Yea Steve, it was in the single digits most of last week, sometimes dipping into below zero.


----------



## Flatbedford (Jan 28, 2013)

We were low teens, maybe high singles at night. Interesting how much of a difference 25 miles makes.


----------



## katwillny (Jan 28, 2013)

Probably Mount Beacon has something to do with that. The wind was whipping most of last week. This week is balmy, its 34 tonight


----------



## Flatbedford (Jan 28, 2013)

Gonna be in the 50s by mid week.

Nice pics BTW. We haven't been up that way in a while.


----------



## Defiant (Jan 29, 2013)

Nice photo's. Which Nikon are you using? Looking at digi Nikons still have my 35mm ftns.


----------



## Kitchen (Jan 29, 2013)

katwillny said:


> Im in Beacon, I get my pellets from Lowes in Newburgh or Home Depot in Fishkill. Mostly Fishkill since its a stones throw away from my house. Where're You?


 
I got the best bowl of ice cream in Beacon last summer.  The place on the corner.  Hudson Glass is where you'll find my wife anytime we are in town.  I work at Mohonk.


----------



## katwillny (Jan 29, 2013)

Kitchen said:


> I got the best bowl of ice cream in Beacon last summer. The place on the corner. Hudson Glass is where you'll find my wife anytime we are in town. I work at Mohonk.


OH yea, Jane's ice cream. We walk there as a family on summer nights. Its a Christmas shop now during the winter months.Great place.


----------



## muncybob (Jan 30, 2013)

Nice pics. Love my Nikon too, one day I'll actually learn how to use it out of auto mode


----------



## katwillny (Jan 30, 2013)

Defiant said:


> Nice photo's. Which Nikon are you using? Looking at digi Nikons still have my 35mm ftns.
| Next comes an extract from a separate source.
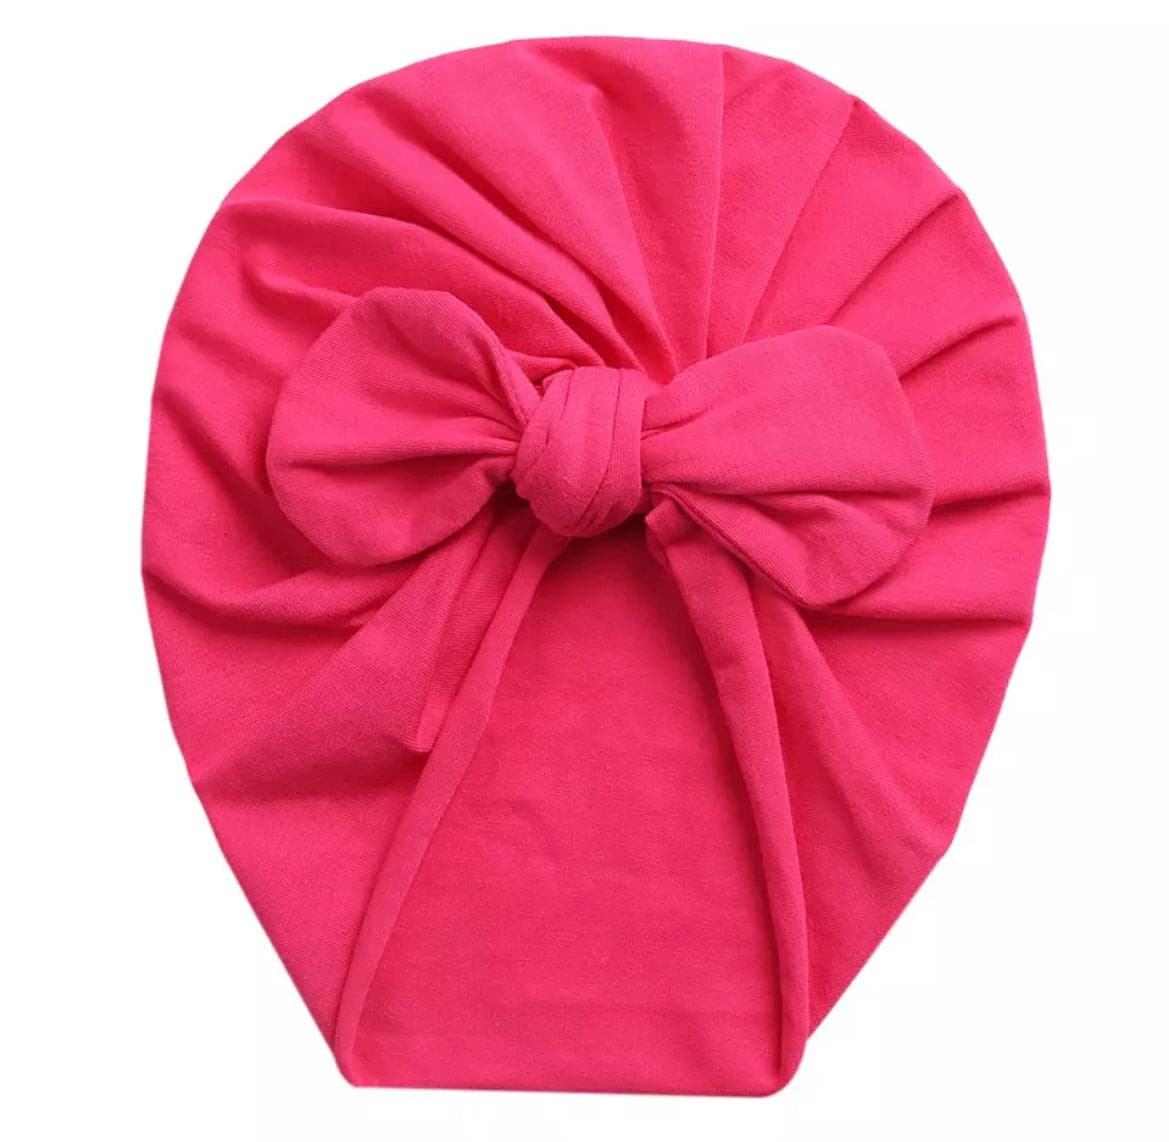 Pure Cotton Bow Turban.

I have the D3200 with the regular 18/55 lens, I am getting a 70/300 lens in a few weeks.


----------



## Flatbedford (Jan 31, 2013)

We bought a D3100 for my stepson in the fall. He's taking a few digital photography classes in college now. Seems like a nice camera. I haven't had a chance to play with it yet though. I'd like to get one for Mrs. Flatbedford and myself too.


----------



## MasterMech (Feb 6, 2013)

Beer Belly said:


> Got a few here from Ducthess County​


 
Originally from Dutchess County.  Grew up in the Mabbettsville/Millbrook Area


----------



## nate379 (Feb 6, 2013)

BogyDave lives maybe 6-7 miles from me as "as the crow flies" and he will have temps sometimes 10* +- what I have hear at the house... Have had it nice and sunny here and it was POURING rain by where he is and vice versa.



Flatbedford said:


> Interesting how much of a difference 25 miles makes.


----------



## Gasifier (Feb 6, 2013)

Nice katwillny. Nice. I like them. You should have a new hobby taking photos and sharing them. You must share at least half with the hearth.com crowd though.


----------



## katwillny (Feb 6, 2013)

Nice katwillny. Nice. I like them. You should have a new hobby taking photos and sharing them. You must share at least half with the hearth.com crowd though.
Yes, I thought i would actually have more time to go out and take pictures but it doesnt seem that way. So much to do with the kitchen renovation and everything else. We are supposed to get close to a foot of snow this friday so i look forward to taking pics of snow in our city.


----------



## katwillny (Feb 7, 2013)

More Pictures out and about with the new camera.


----------



## MasterMech (Feb 7, 2013)

Ha. Used to love riding down 9D, going through that tunnel.  The louder your bike was, the more fun you had.


----------



## katwillny (Feb 8, 2013)

The kids love it when I honk the horn as we drive through there.


----------



## Gasifier (Feb 8, 2013)

Good shots.


----------



## katwillny (Feb 8, 2013)

I took the tunnel shot from inside my wifes case as she was driving, I was tempted to get out of the car and take the shot,but the kids were in the car, didnt think it was a good example.


----------



## thewoodlands (Feb 8, 2013)

katwillny said:


> The kids love it when I honk the horn as we drive through there.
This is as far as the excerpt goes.